EDIT: I know these are above your price range but these are the one's I own and love:
http://www.head-fi.org/products/audio-technica-ath-ad700#wiki


----------



## Jack1n (Mar 24, 2013)

http://shopper.cnet.com/headphones/sennheiser-hd438-black/4014-7877_9-33770030.html
I wonder how these compare to the 429s.


----------



## SaltyFish (Mar 24, 2013)

HammerON said:


> http://www.amazon.com/dp/B00001WRSJ/?tag=tec06d-20
> 
> I like the Senns you listed though. Here is a good list for your price range:
> http://shopper.cnet.com/compare-hea...6_500891_103196_501416_106800_&tag=mncol;dir2
> ...



The Sony V6 is pretty good. The AD700 might not be as good of a choice since it's open and OP wants to use it at work.

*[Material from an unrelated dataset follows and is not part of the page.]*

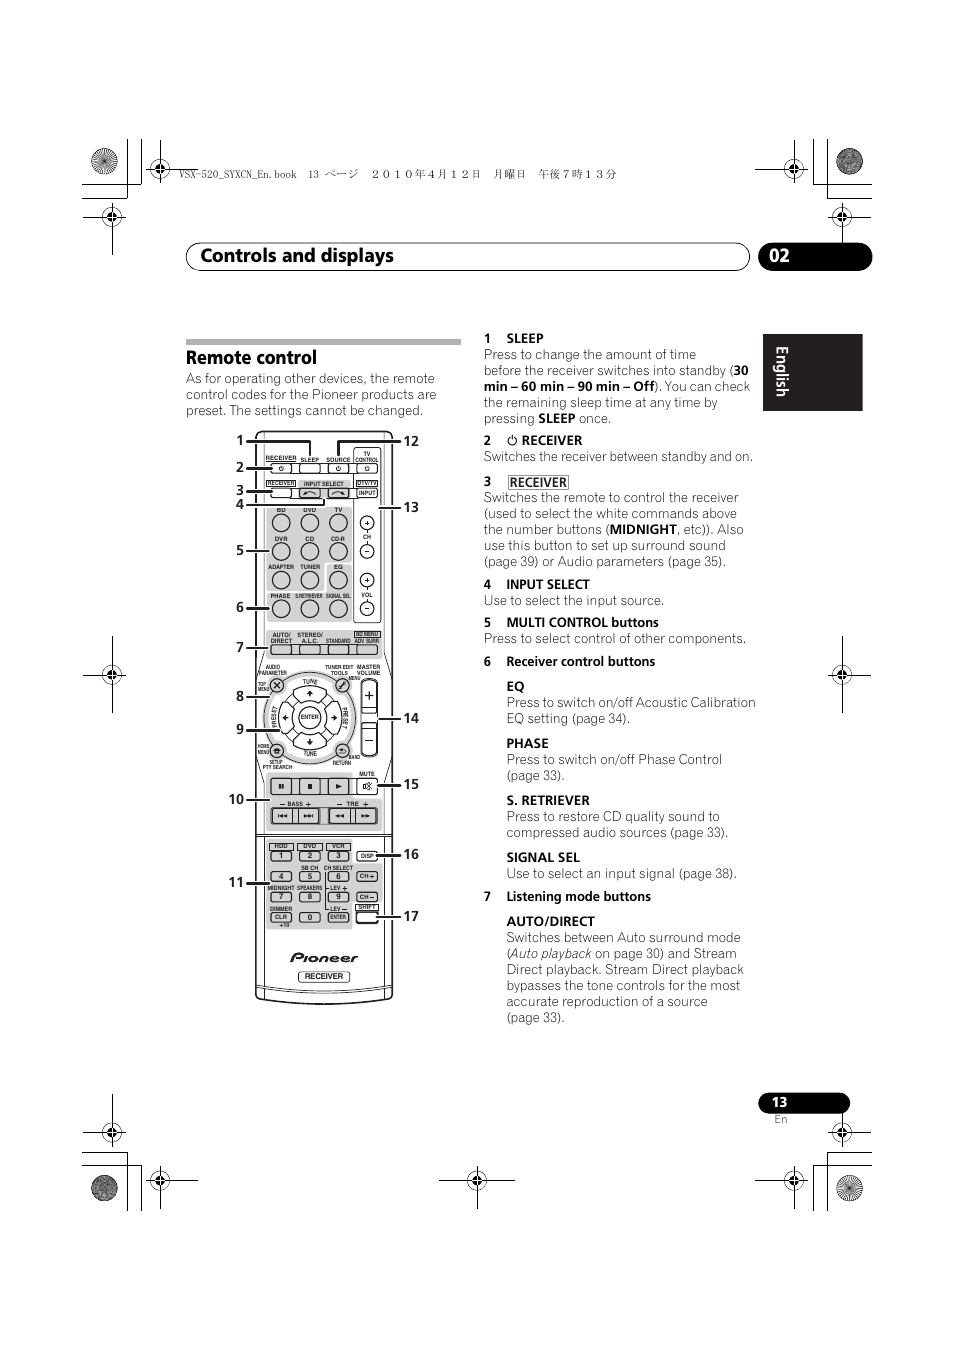 Remote control, Controls and displays 02, English français español

Some other recommendations:
Sony MDR-XB500
Audio Technica ATH-M30 (the popular M50 model maybe within your budget if you can find a deal; it comes in straight cable and coiled cable versions)
Creative Aurvana Live!


----------



## MxPhenom 216 (Mar 25, 2013)

SaltyFish said:


> The Sony V6 is pretty good. The AD700 might not be as good of a choice since it's open and OP wants to use it at work.
> 
> Some other recommendations:
> Sony MDR-XB500
> ...



Those Sony's seem nuts! 4hz lowest they go? jesus, that's lower then most subs for cars. I almost question the specs at this point.


----------



## St.Alia-Of-The-Knife (Mar 25, 2013)

Check out the Superlux 668b, from what I have seen, the reviews are golden


----------



## MxPhenom 216 (Mar 25, 2013)

St.Alia-Of-The-Knife said:


> Check out the Superlux 668b, from what I have seen, the reviews are golden



those look so unconfortable!


----------



## erocker (Mar 25, 2013)

MxPhenom 216 said:


> those look so unconfortable!



How so? I don't see any pointed spikes that stick into your head.


----------



## MxPhenom 216 (Mar 25, 2013)

erocker said:


> How so? I don't see any pointed spikes that stick into your head.



how the pads are one big bridge going across. Feel like it would be weird feeling.


----------



## St.Alia-Of-The-Knife (Mar 25, 2013)

Well apparently their sound quality compare to headphones in the 150$ range


----------



## MxPhenom 216 (Mar 25, 2013)

St.Alia-Of-The-Knife said:


> Well apparently their sound quality compare to headphones in the 150$ range



hmm interesting! I get paid tomorrow, so ill probably let you all know what I decide on.


----------



## Nordic (Mar 25, 2013)

St.Alia-Of-The-Knife said:


> Well apparently their sound quality compare to headphones in the 150$ range



Was thinking about upgrading to those myself


----------



## WhiteNoise (Mar 27, 2013)

The Sony V6 cans at $70 is your very best bet. For that kinda money they are very very hard to beat.


----------



## Fourstaff (Mar 27, 2013)

One more vote for Sony MDR-V6, they are the standard for a lot of recording studios for over 2 decades for a reason.


----------